И если взрослый прекрасно знает, что данное его заявление грешит преувеличением, а потому способен отнестись к нему более-менее спокойно, то ребенок об этом преувеличении не ведает. Если ему говорят, что он умрет или что его убьют, это действует соответствующим образом. На одну секунду потеряв из вида своего родителя в магазине, ребенок способен пережить ужас, который отложит неизгладимый отпечаток на всю его дальнейшую жизнь.
По уму следовало бы рассказывать ребенку о том, что нужно делать, если он потеряется, если он оказался в неизвестном ему месте, если к нему обращается незнакомый человек. Нужно дать ему почувствовать, как важно обладать хорошим здоровьем и как неразумно подвергать его опасности. Необходимо показывать ему преимущества, которое дает человеку образование, и делать это нужно на примерах.
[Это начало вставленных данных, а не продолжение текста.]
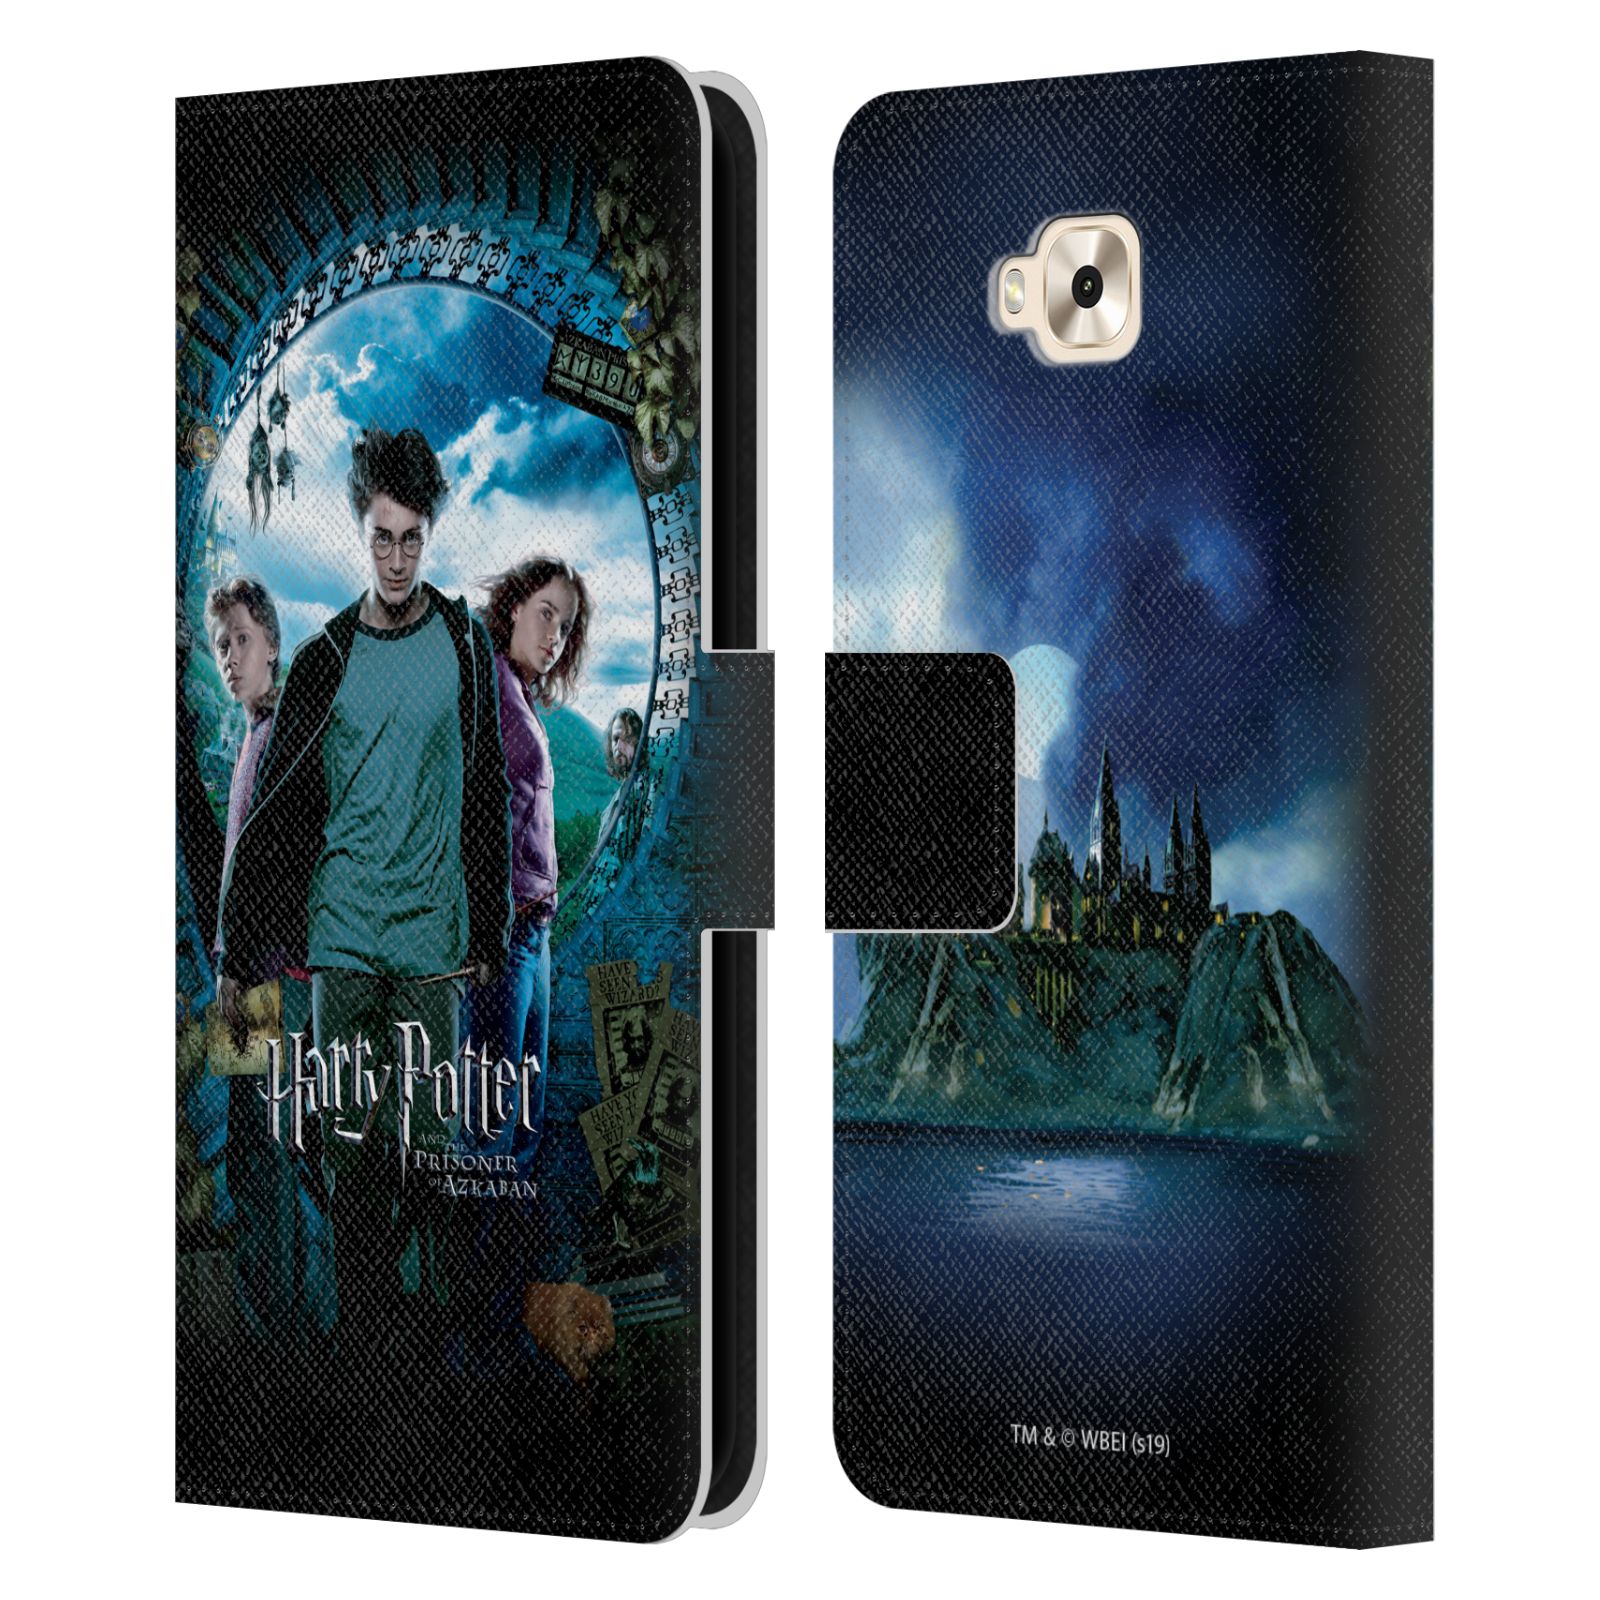 Pouzdro na mobil Asus Zenfone 4 Selfie ZD553KL  - HEAD CASE - Harry Potter - Vězeň z Azkabanu

Наконец, важно говорить ему о том, как это «выгодно» – поддерживать с людьми хорошие, доброжелательные отношения.
Многое из того, что говорят ребенку взрослые, он понимает с трудом или не понимает вовсе (просто потому, что у него еще нет достаточного жизненного опыта). Но для того и существуют взрослые, чтобы рассказывать ребенку важные вещи на понятном для него языке, с понятными ему примерами, оперируя теми ценностями, которые способны задеть ребенка за живое. Но, согласитесь, ведь испугать его легче…
Запугивание и само по себе является наиболее удобным для взрослого средством воспитания малыша. Как заставить его тебя слушаться, если не прибегнуть к знаменитой формуле: «Будешь себя так вести, я тебя отдам дяденьке милиционеру!», «Если ты будешь кричать и безобразничать, то сейчас вот этот дядя тебя заберет!» Конечно, всем этим означенным дяденькам, о чем хорошо осведомлена находчивая мама, и дела нет ни до нее, ни до ее ребенка. Однако малыш об этом не знает и принимает эту фиктивную угрозу на веру.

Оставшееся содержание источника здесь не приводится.